In your browser, direct to http://0.0.0.0:8089, you should be able to see a page like this:

Number of users
corresponds to how many users we’re going to simulate as clients. Spawn rate
indicates how many users should be added per second until the amount indicated by Number of users
is reached. Host represents the host address of our target server, in this case, it is, as our selected API communicates through 50057 port via gRPC.
If we want to simulate a maximum of 40 clients sending requests to our server simultaneously, with a spawn rate of 1, after clicking the Start swarming
button, Locust will start from 1 client until 40 within 40 seconds and continue sending requests until we hit the Stop
button:

The test results are quite detailed in sections under different names.
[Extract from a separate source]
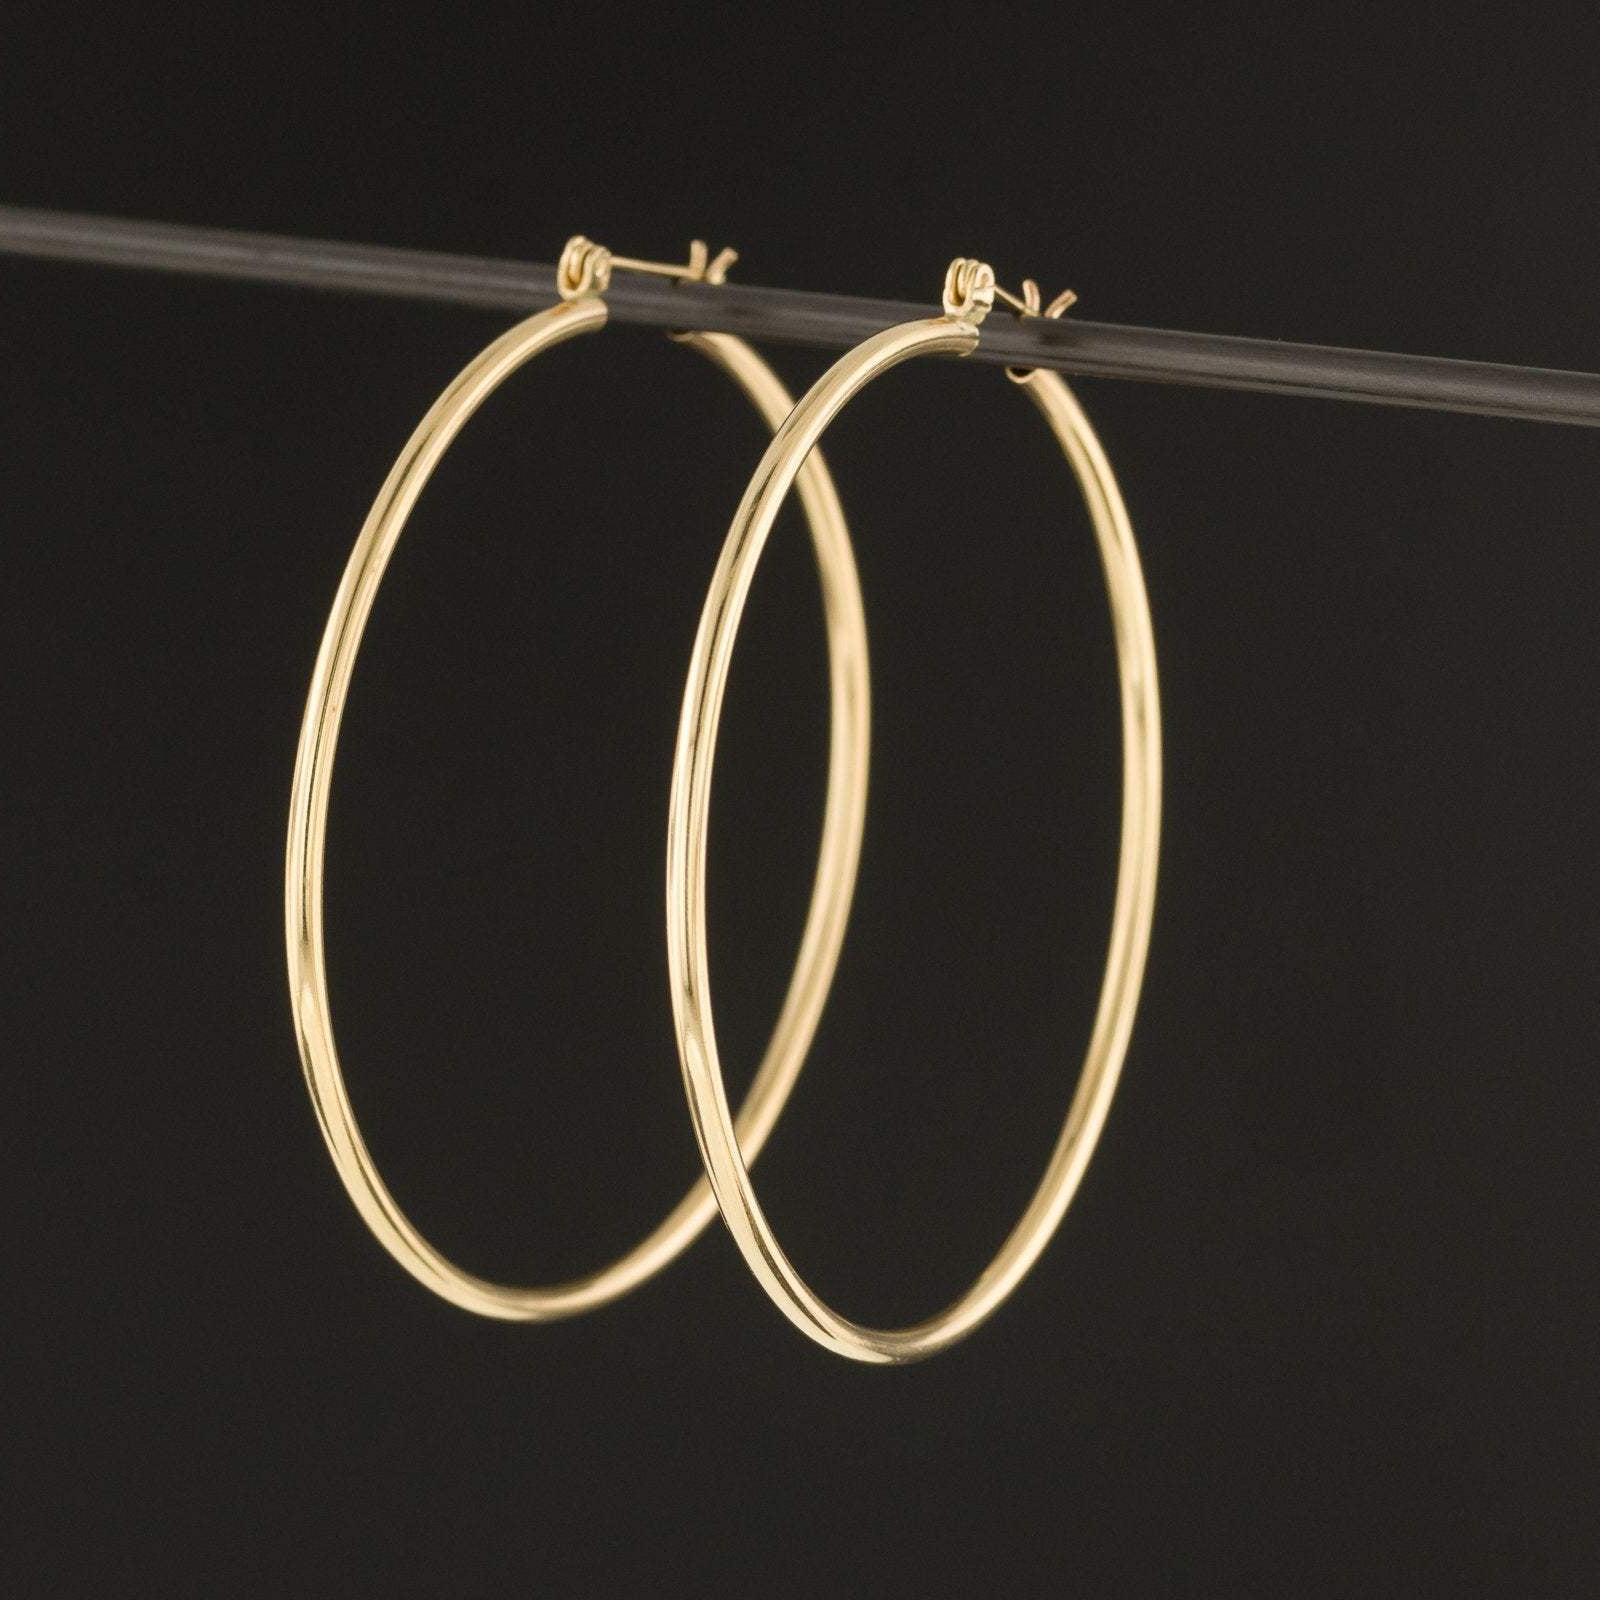 14k Gold Hoop Earrings | Vintage Gold Earrings | Large Round Hoop Earrings

One way to obtain the result as a whole is to select Download Data →Download Report. There, a detailed report similar to this one could be available:


Run without Web UI
If you need to run Locus analysis through the command line without a web UI, you should pass the headless option as follows:
$ locust -f locustfile.py --headless -u 40 -r 1 --run-time 10m
- u: number of total users to be simulated
- r: spawn rate
- -run-time: total execution time for the test (10 minutes in this case)
Testing with Multiple CPU
In case we need to test using multiple CPU cores, we need one master with multiple workers. For that, first start Locust in master mode:
locust -f locustfile.py --master --expect-works 8
The master will wait until the worker count reaches –expect-works to start the actual test.
Subsequently, start locust with worker mode. Each worker will run with one CPU:
locust -f locustfile.py --worker --master-host=192.168.0.1
Here, master-host indicates the IP address of the machine hosting the master. If the master and all workers are on the same machine, no need to pass this parameter.
Cheers!